2. The State, no doubt, was owner of all the lands demised by the leases; but did the State authorize a sale of all those lands? The legislature describes specifically what should be sold. It is the 'water-power' and the 'appurtenances;' nothing else. Now, this ejectment is brought for certain pieces of land, meted and measured out; pieces of land which, confessedly, are not any one of the things either advertised for sale or sold, unless theyare those 'appurtemances' which, we admit, were sold. But 'it seems now settled,' says Tomlins,3 citing authorities, 'that lands will not pass by the word appurtenances.' To insist that the particular tracts described in the leases are appurtenant to some one or more of the things sold by the State, would be even more absurd than to maintain that land can be appurtenant to land. It would be maintaining that land can be appurtenant to a mere easement, a right of way, a water-power, or a stream of water, natural or artificial. The lands demised cannot be 'appurtenant' to the bed of the canal, nor to its banks, nor its margins, nor its tow-paths, nor its side-cuts, not its feeders, nor its basins, nor the right of way, nor the dams, nor the water-power, nor the structures, specified in the act. What the State meant to convey is not important.
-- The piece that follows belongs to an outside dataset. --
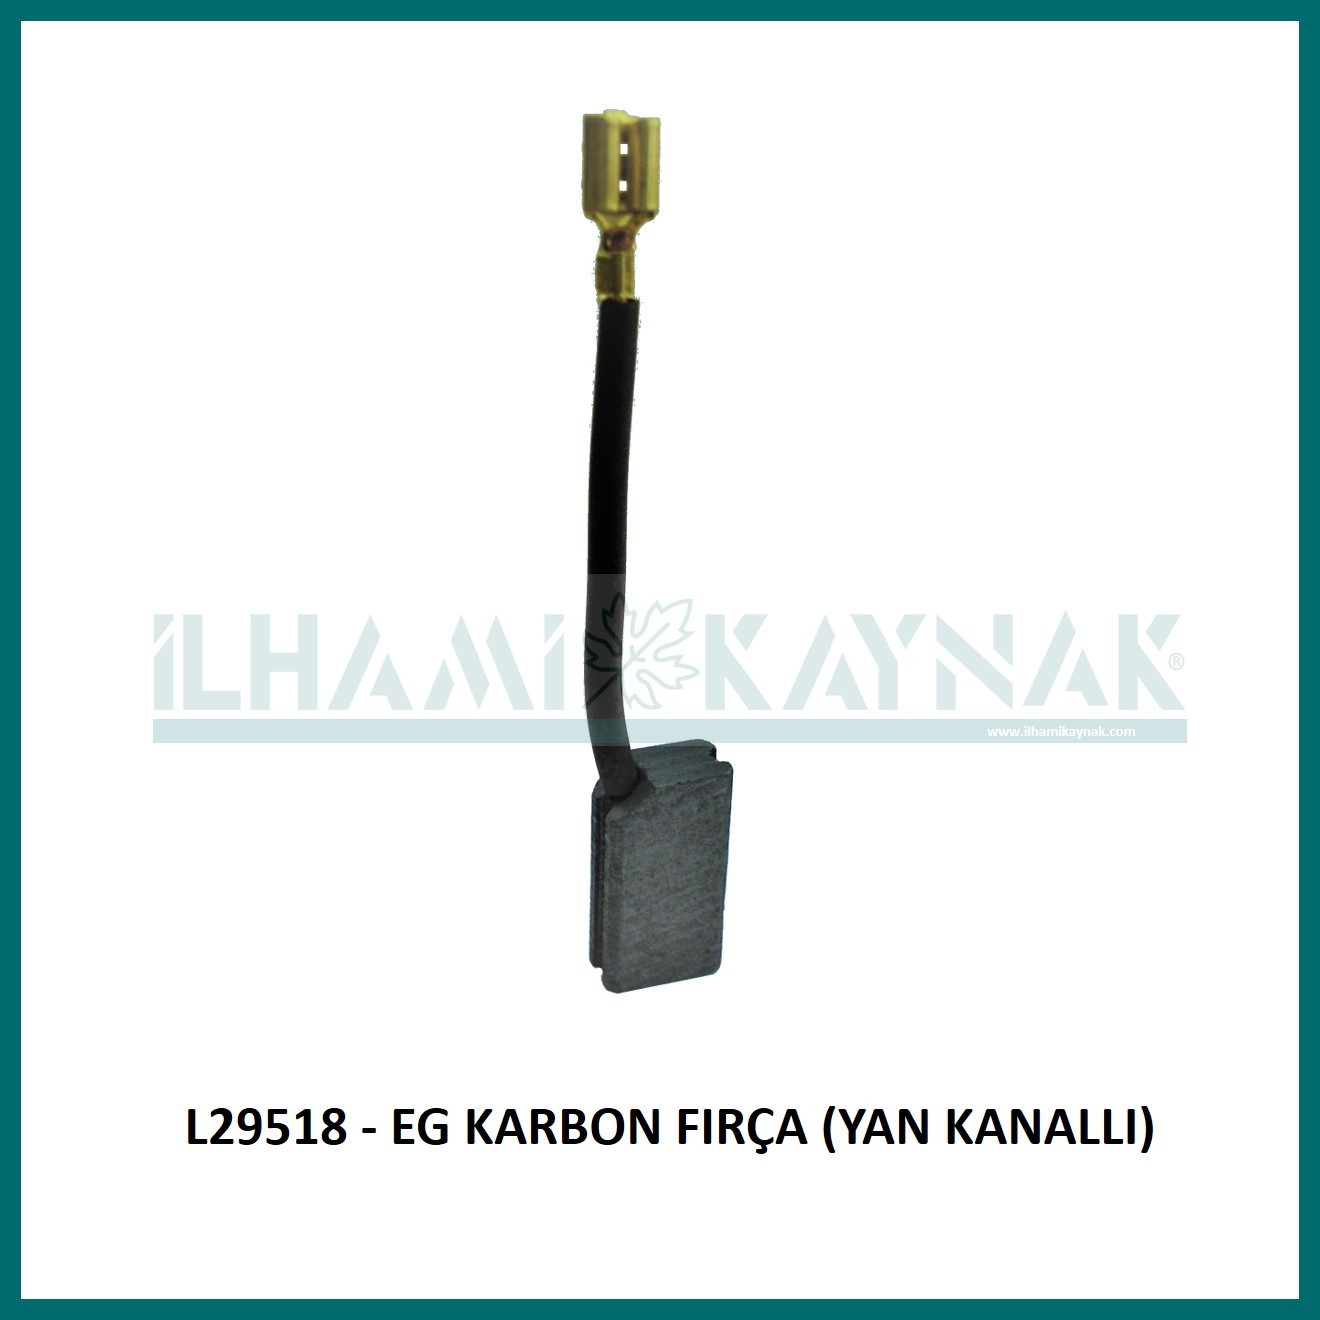 L29518 - EG KARBON FIRÇA (YAN KANALLI) 6*10*18.5 mm - 100 Adet
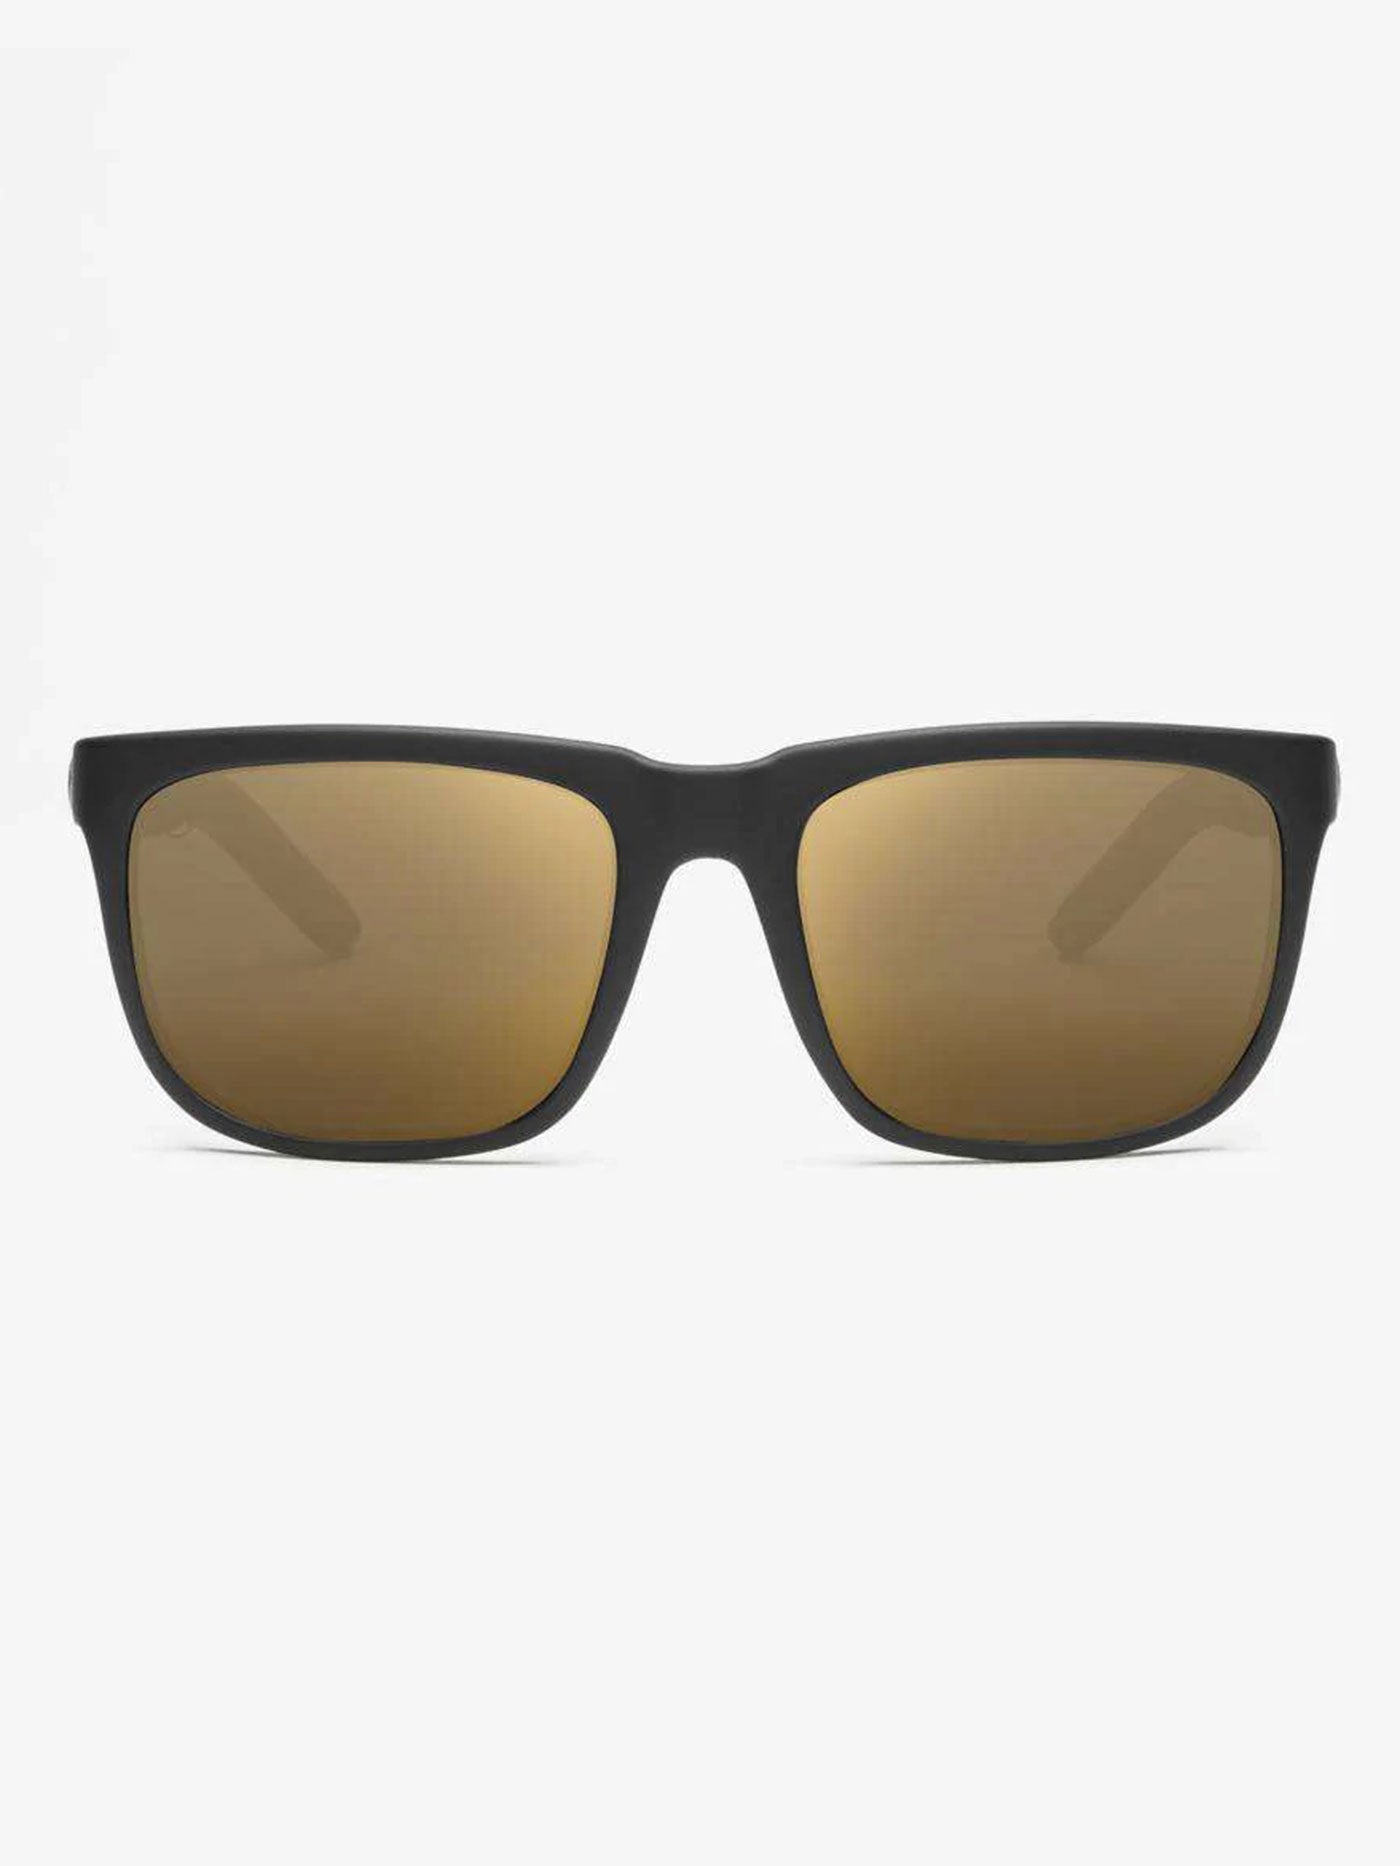 Electric JJF Knoxville Sport Black Bonze Polarized Sunglasses

The question is, what has she conveyed? and that is to be determined by looking at the words of the statutes and deed, and interpreting them by the rules of law; rules which are of all time, and are the same whether the parties be States or subjects.
2. The leases are not under seal. Now, then a forfeiture is asserted, the party asserting it must prove the forfeiture strictly, for forfeitures are odious. Whence comes this right of re-entry at all? It comes from an English statute; a statute passed in the worst year of, perhaps, the worst of English kings, in the 32d Henry VIII; but which, in common with most statutes of our mother country prior to the fourth year of James I, is confessedly in force by statute adoption of 18184 in Indiana. The language of the English statute is thus:
'The grantees or assignees shall have and enjoy the like advantages against the lessees, &c., by entry for non-payment of rent, &c., and also shall and may have and enjoy all and every such like and the same advantage, benefits, and remedy, by action only, for not performing other conditions, covenants, and agreements, contained and expressed in the indentures of their said leases, demises, or grants, against all and every the said lessees, &c., as the said lessors or grantors themselves, &c., ought, should, or might have enjoyed, at any time or times, in like manner and form as if the reversion of such lands, & c., had not come to the hands of our said sovereign,' &c.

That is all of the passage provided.